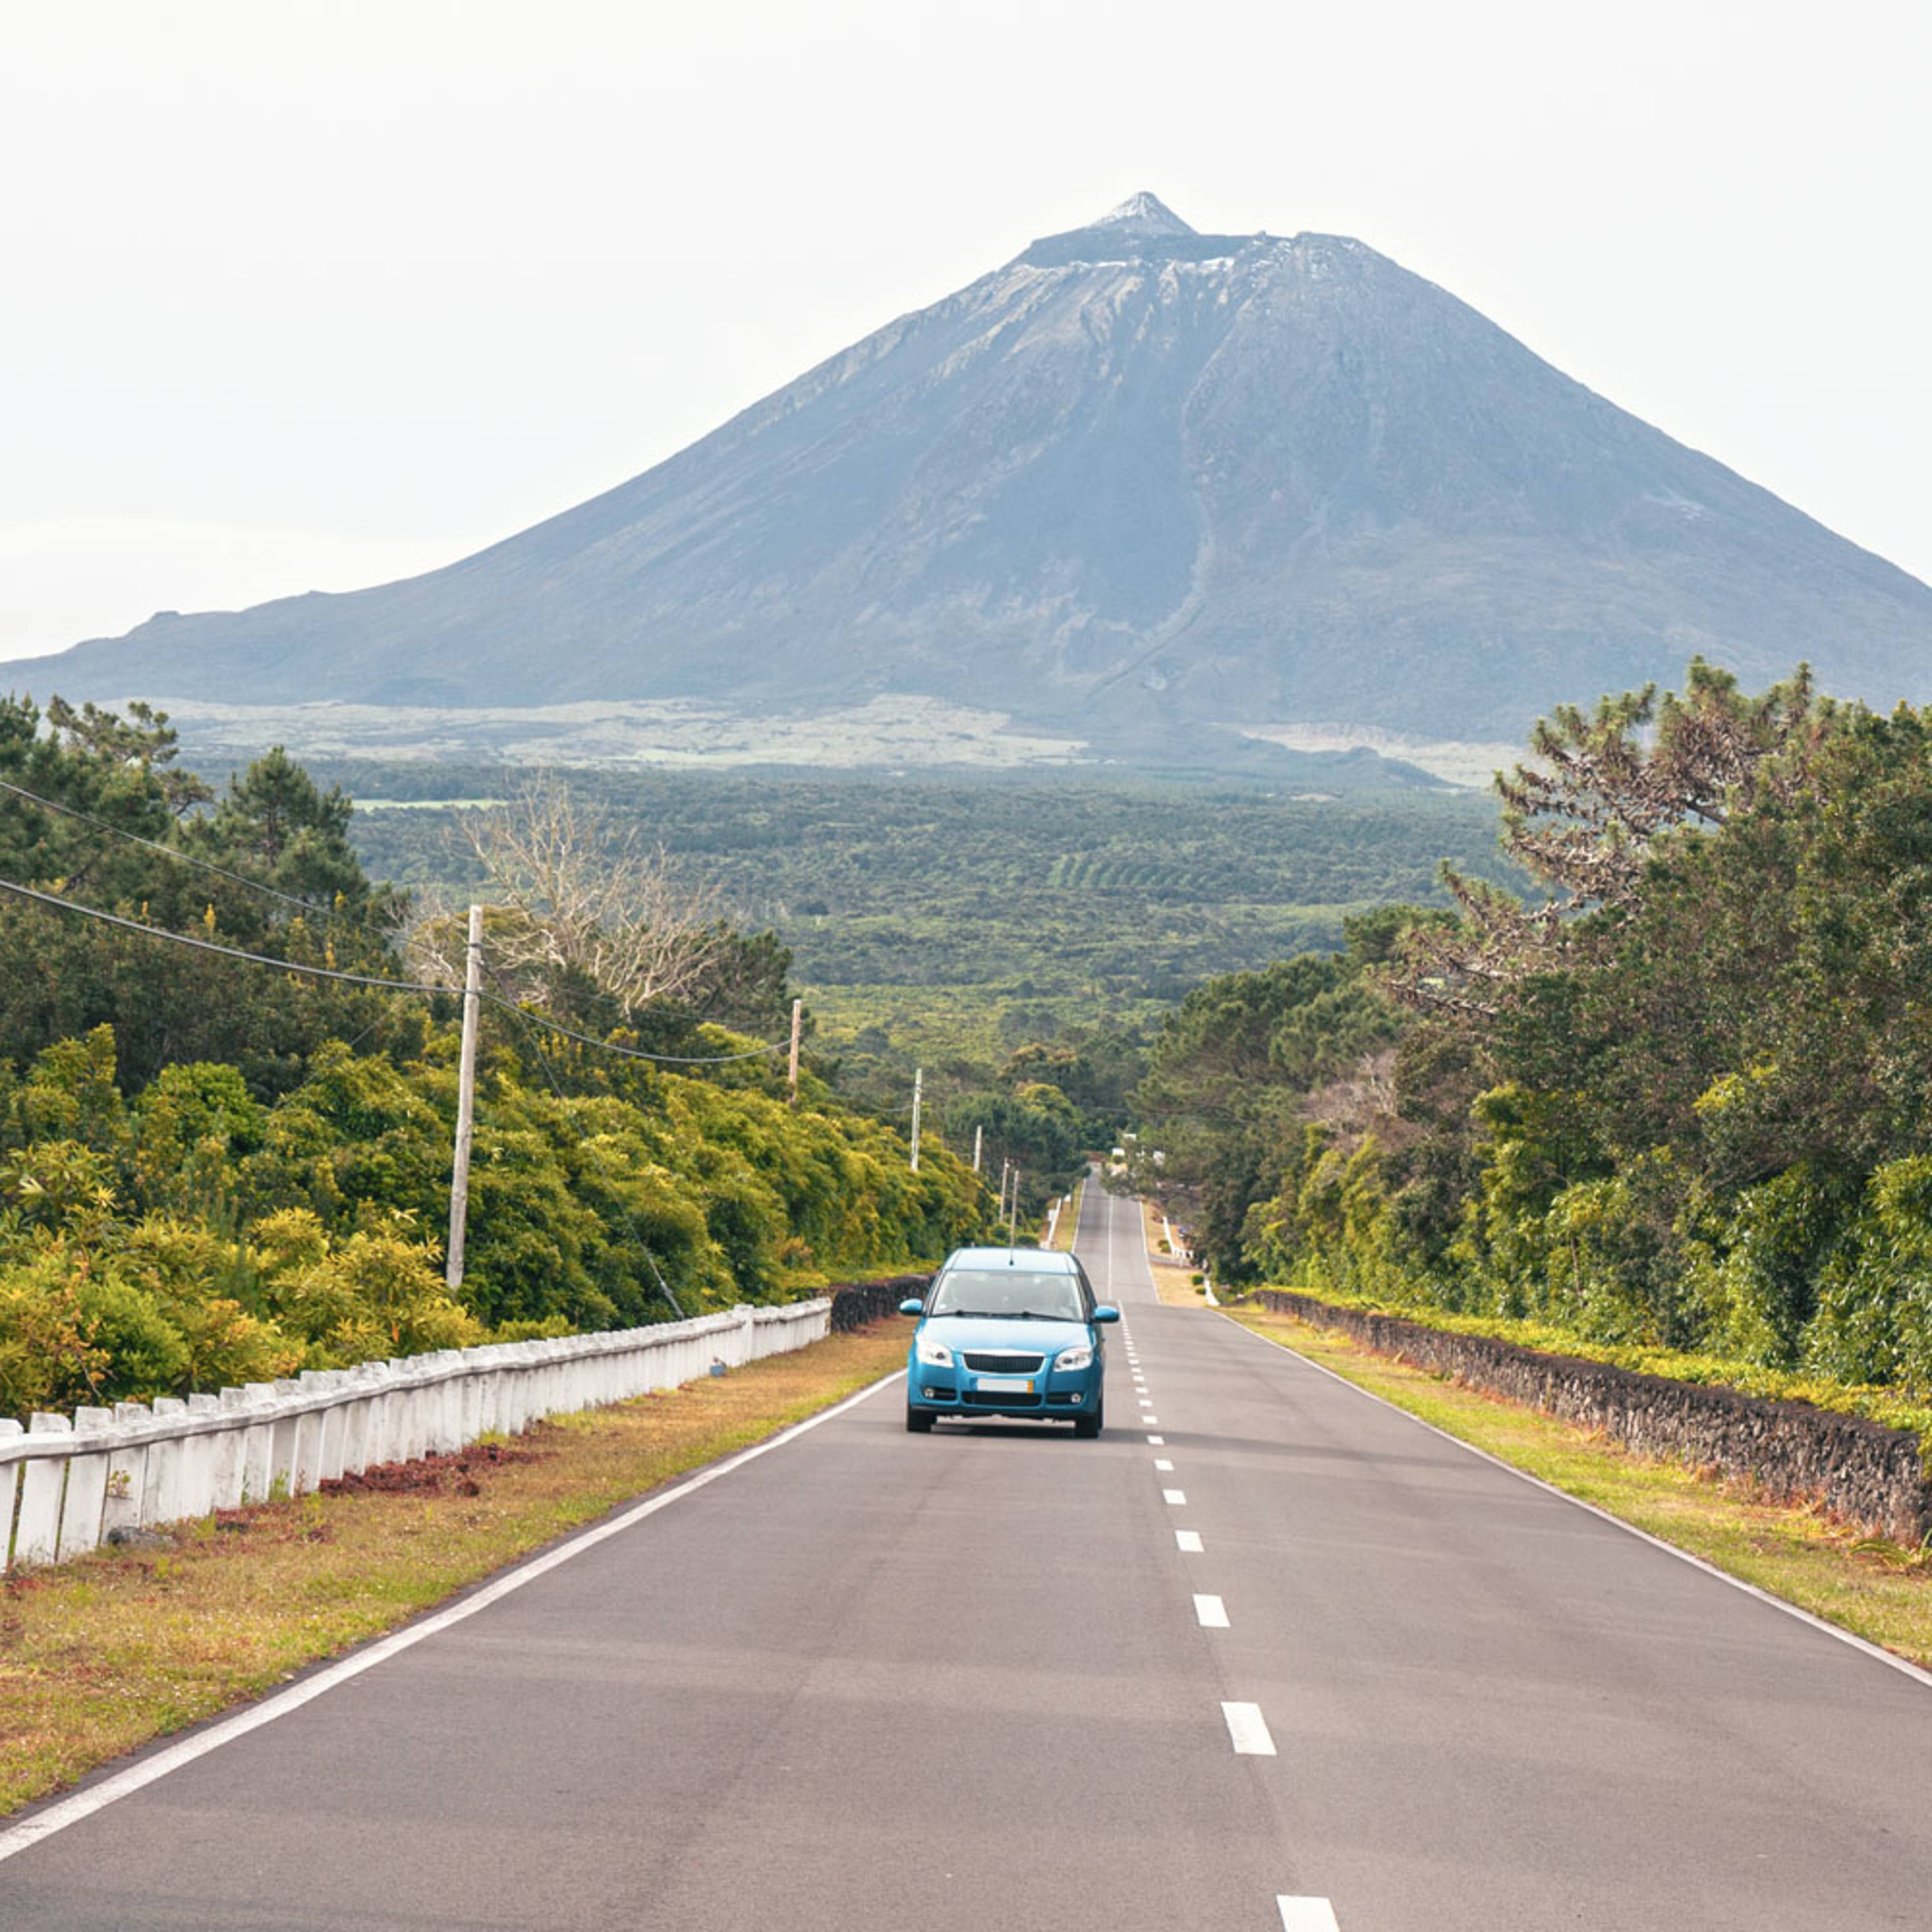 Votre voyage en autotour aux Açores 100% sur mesure
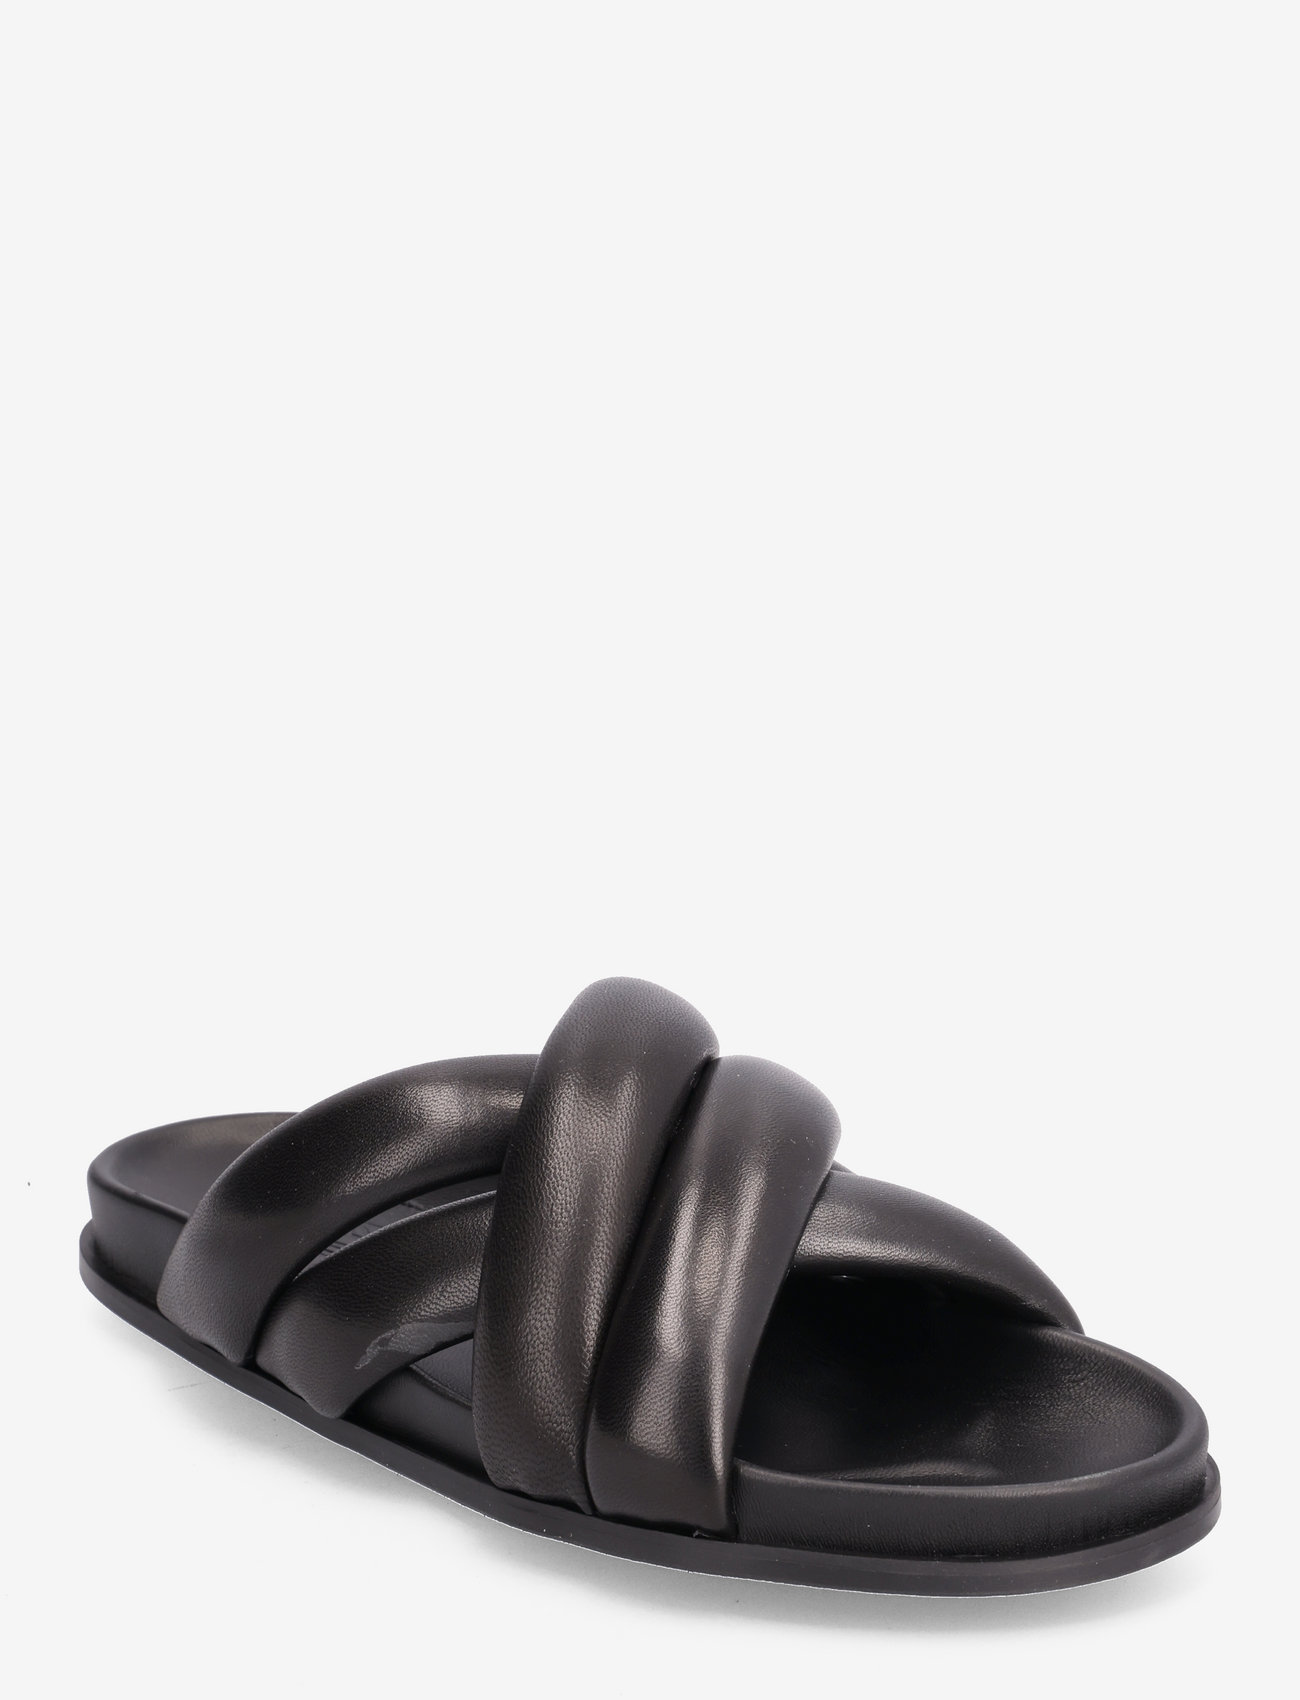 Billi Bi - C5254 - flat sandals - black nappa 70 - 0
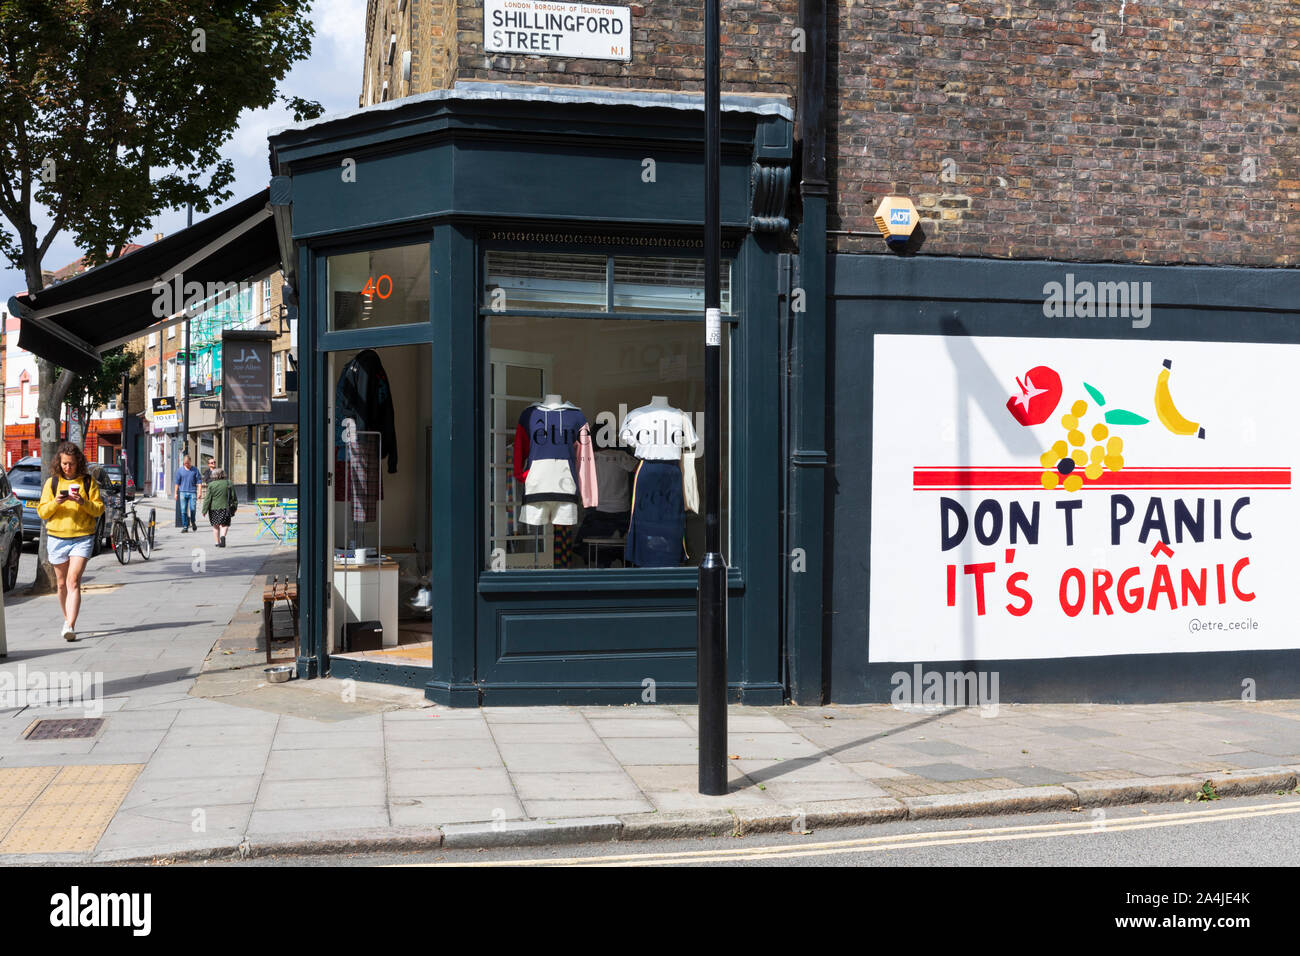 Las tiendas boutique y una que no cunda el pánico es orgánico mural en la esquina de la Calle Cross y Shillingford Street en Islington, Londres, Inglaterra, Reino Unido. Foto de stock

What the task requires ▸
Repeat the data exactly, dropping every picture it holds.

Finished exercise ▸
 Votre voyage en autotour aux Açores 100% sur mesure
 Billi Bi - C5254 - flat sandals - black nappa 70 - 0
 Las tiendas boutique y una que no cunda el pánico es orgánico mural en la esquina de la Calle Cross y Shillingford Street en Islington, Londres, Inglaterra, Reino Unido. Foto de stock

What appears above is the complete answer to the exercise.